The Corner

Klein vs. Ryan

Ramesh — just a couple more points on that Klein post:

1. Against Ryan’s argument that the CBO score for the first ten years of Obamacare only counts six years of costs, Klein uses the same defense Xavier Becerra tried to use at the summit. “According to the Congressional Budget Office,” Klein writes, “the bill cuts the deficit far faster in the second decade than in the first.”

But as I pointed out last week, CBO prefaced its estimate by stating, “A detailed year-by-year projection for years beyond 2019 . . . would not be meaningful because the uncertainties involved are simply too great.” Beyond a certain cutoff, we’re just making guesses about the bill’s effect on deficits.
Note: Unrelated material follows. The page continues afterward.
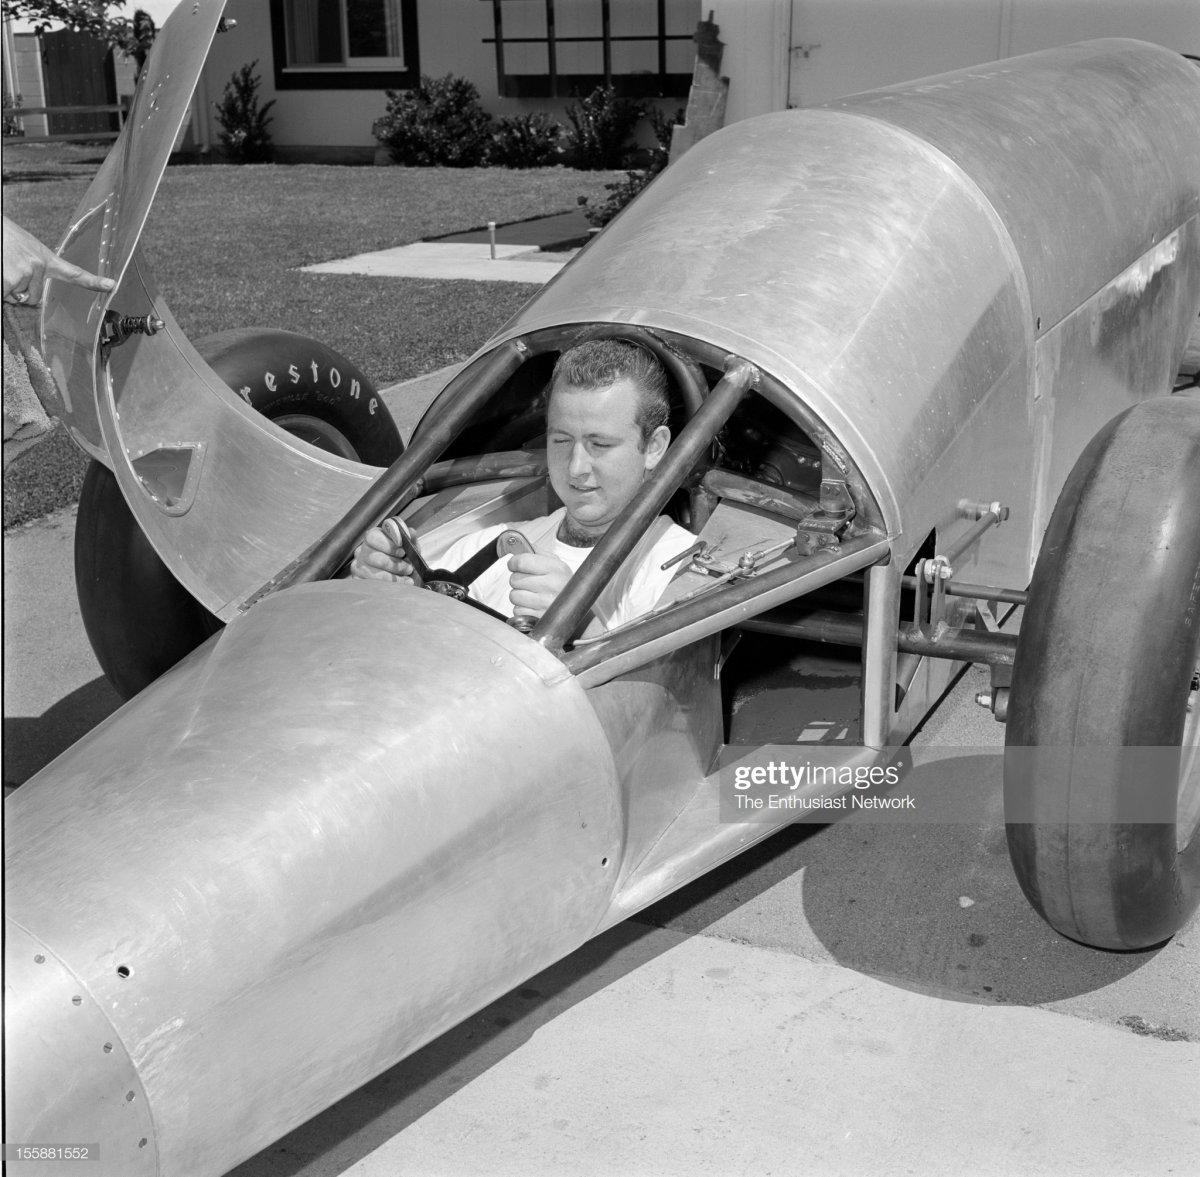 74 Bill Fredrick Valkyrie Jet Car1.jpg

2. Klein tries to address Ryan’s argument about the doc fix by giving a policy answer to a political question. Yes, we should fix the Medicare Sustainable Growth Rate. But Ryan’s whole point is that we won’t — Congress is trying to circumvent it again, right now at this very moment, and would be succeeding if not for the Bunning hold. Yet the CBO score assumes that we will, and this subtracts $371 billion from its estimate of Obamacare’s cost.

Add your point about double-counting, Ramesh, and it seems clear that — despite giving it a very good try — Klein has failed to rebut Paul Ryan’s argument, which is that Obamacare will be substantially more expensive than advertised.